- _Raw data_:
==*==

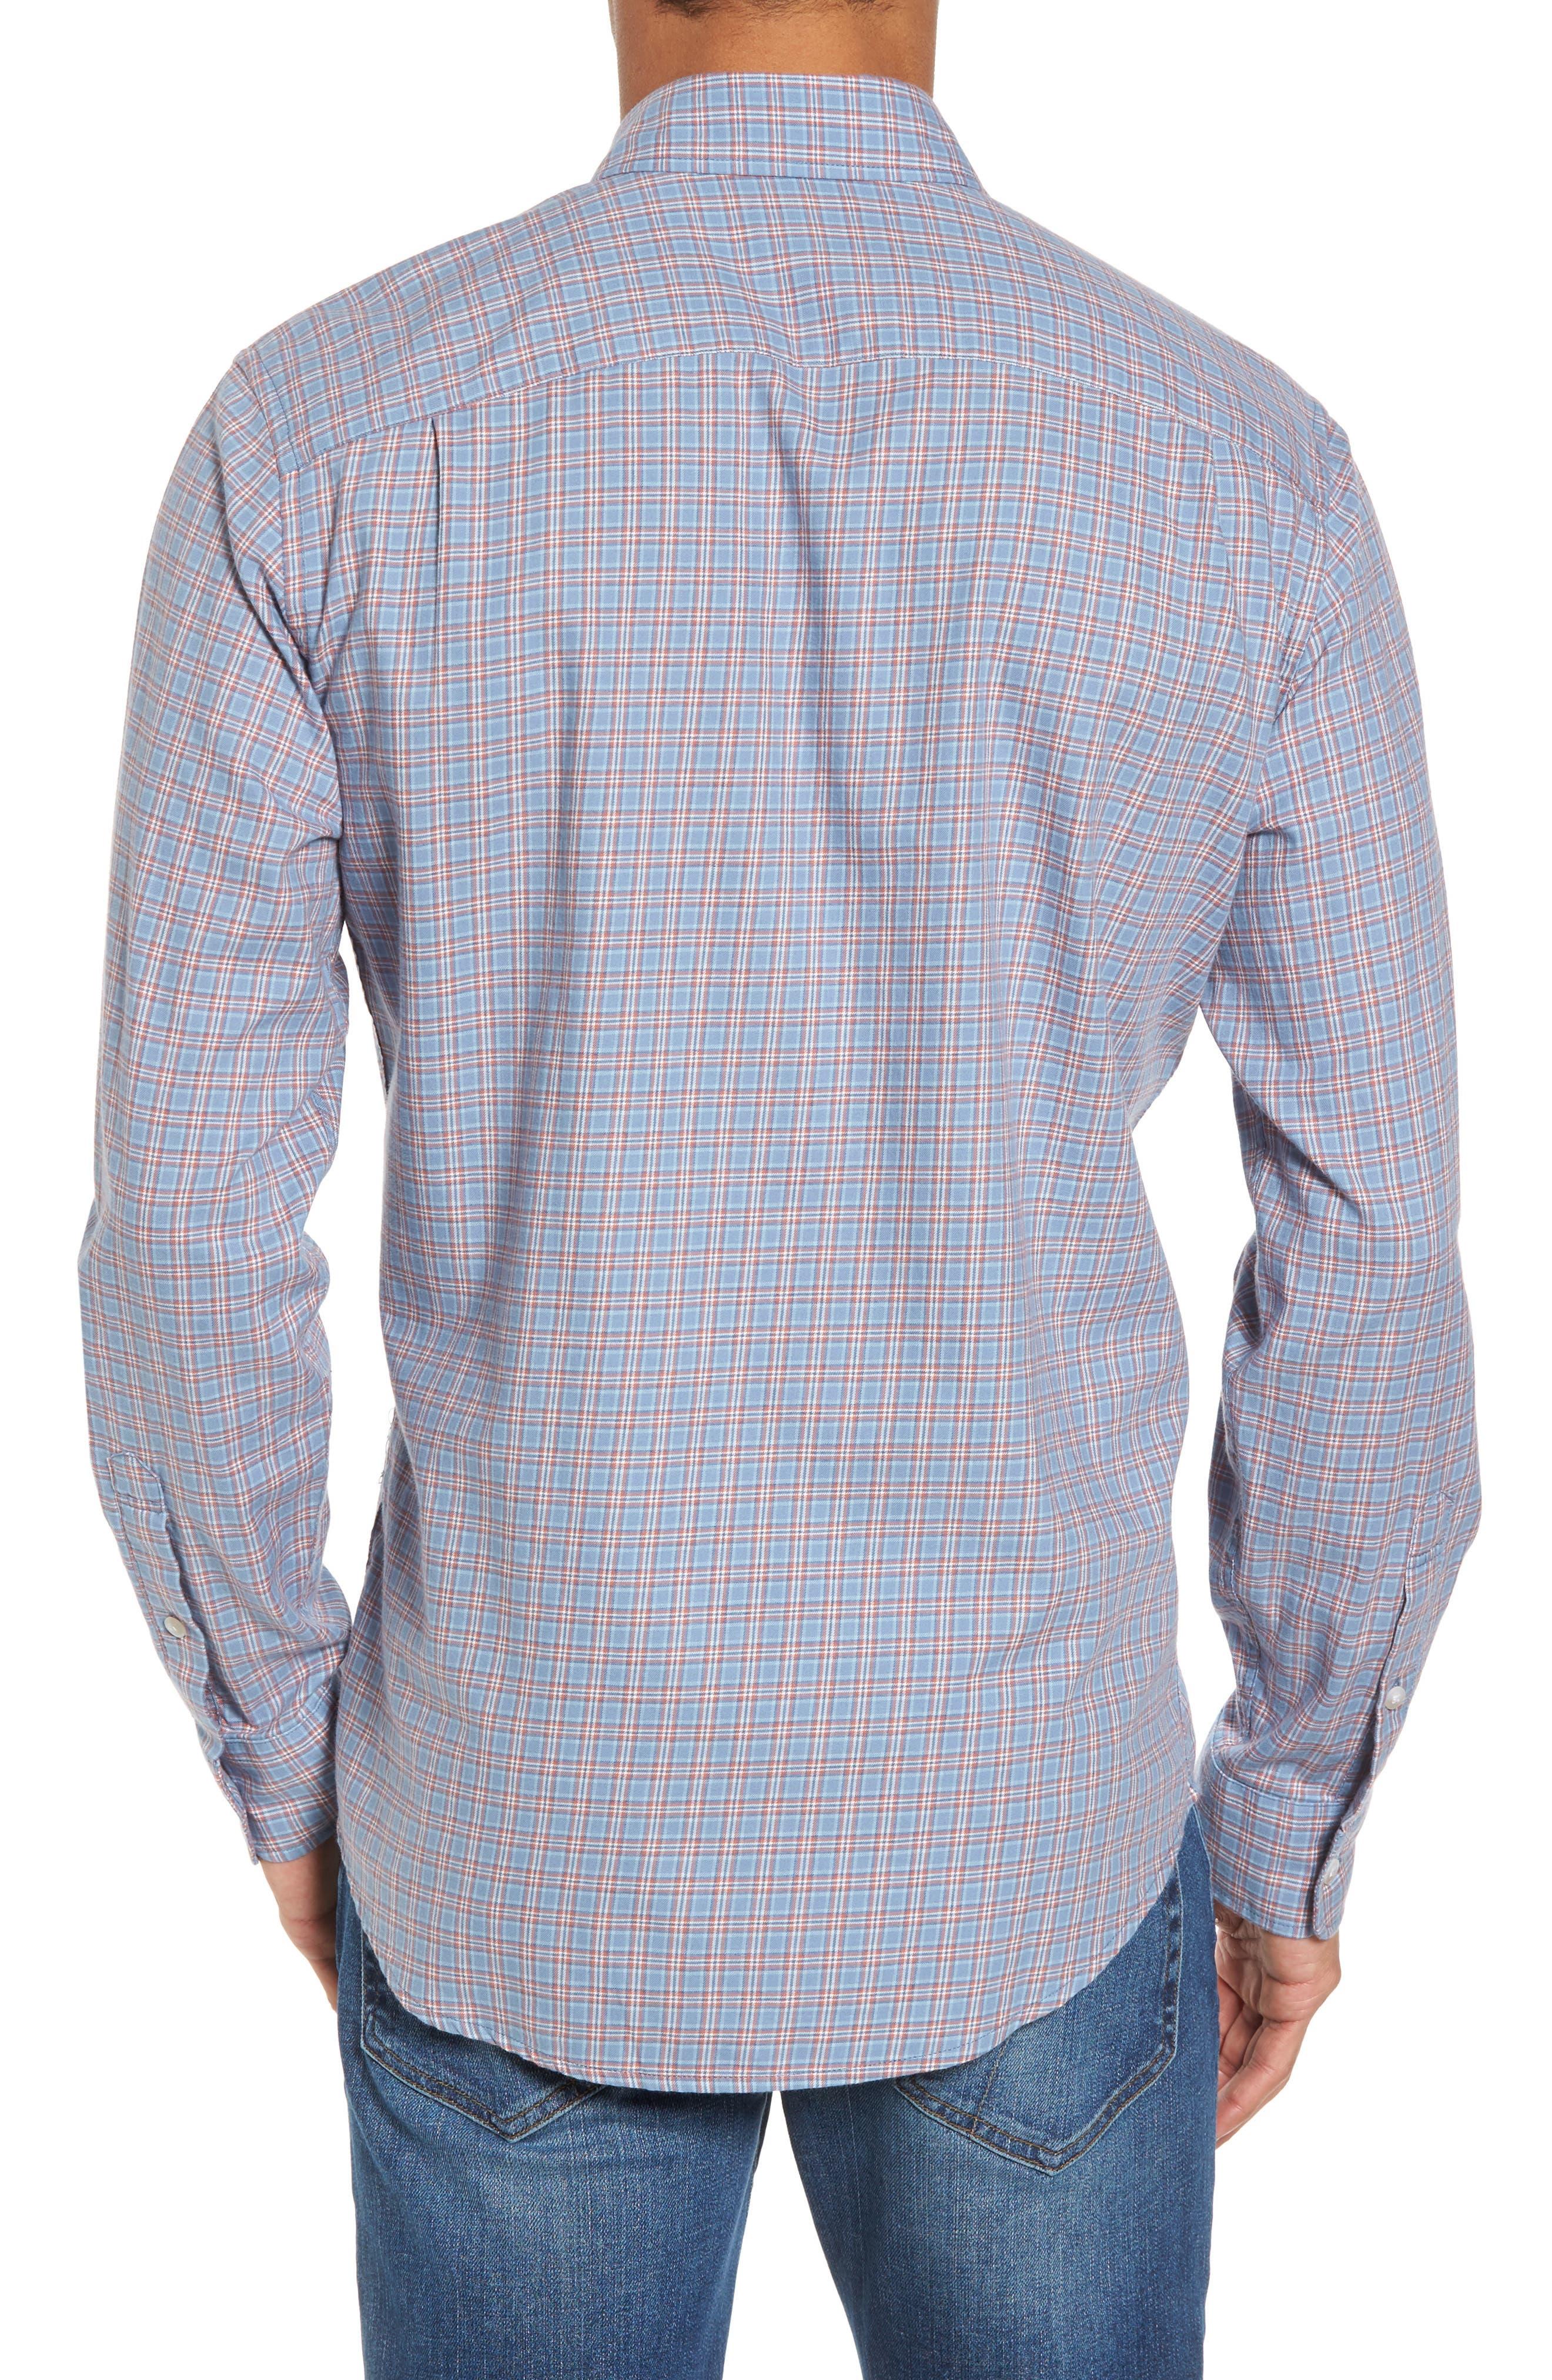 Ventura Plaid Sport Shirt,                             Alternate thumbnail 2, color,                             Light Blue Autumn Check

==*==

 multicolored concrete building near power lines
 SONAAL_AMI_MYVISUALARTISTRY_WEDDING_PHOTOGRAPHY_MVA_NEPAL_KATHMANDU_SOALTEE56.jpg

==*==

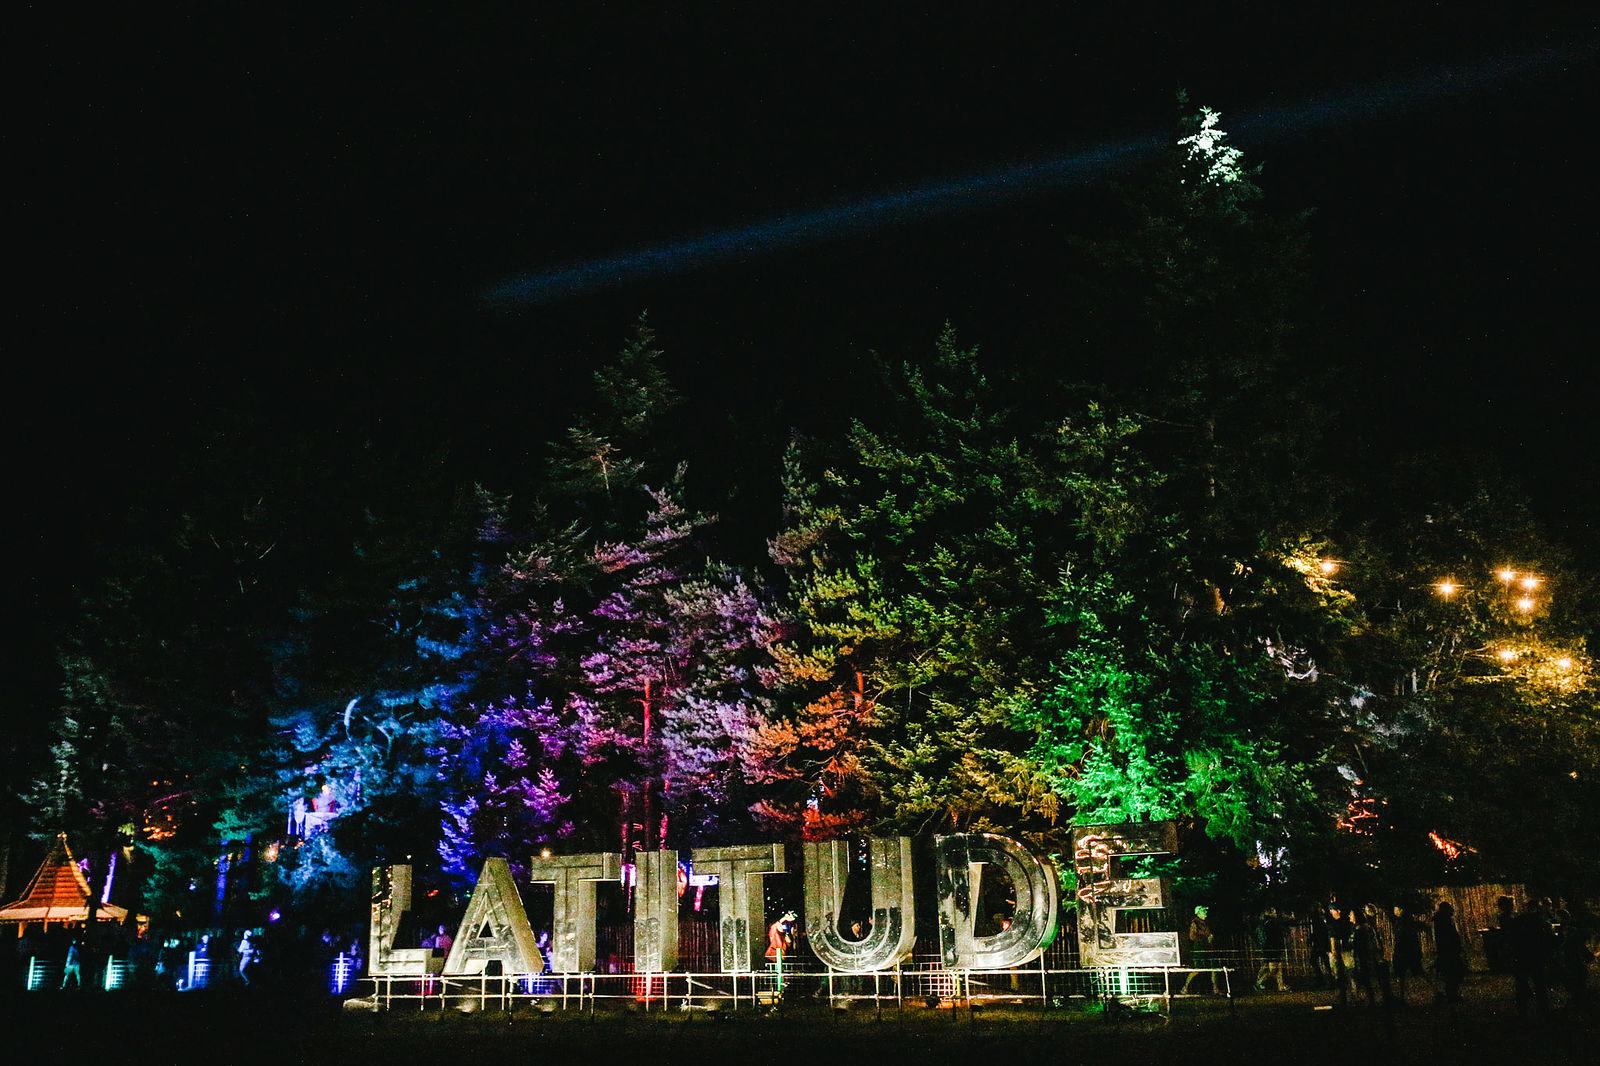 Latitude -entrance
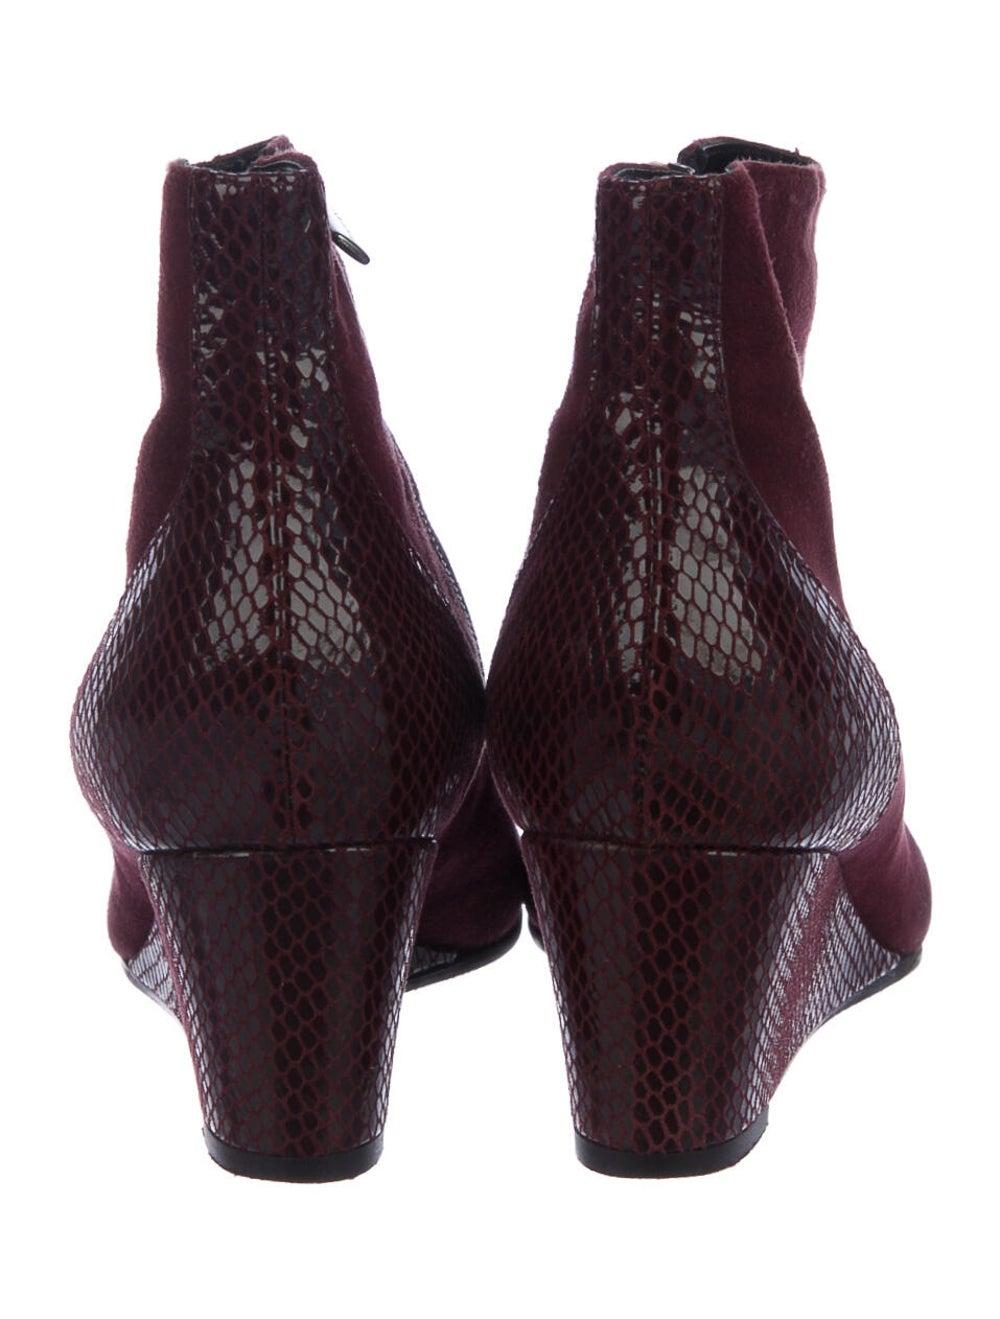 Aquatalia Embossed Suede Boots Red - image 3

==*==

A verbatim reproduction is expected: starting at the line above that has "Latitude -entrance", ending at the line that has "Aquatalia Embossed Suede Boots Red - image 3", both included, and with no pictures and no other lines.

- _Written solution_:
 Latitude -entrance
 Aquatalia Embossed Suede Boots Red - image 3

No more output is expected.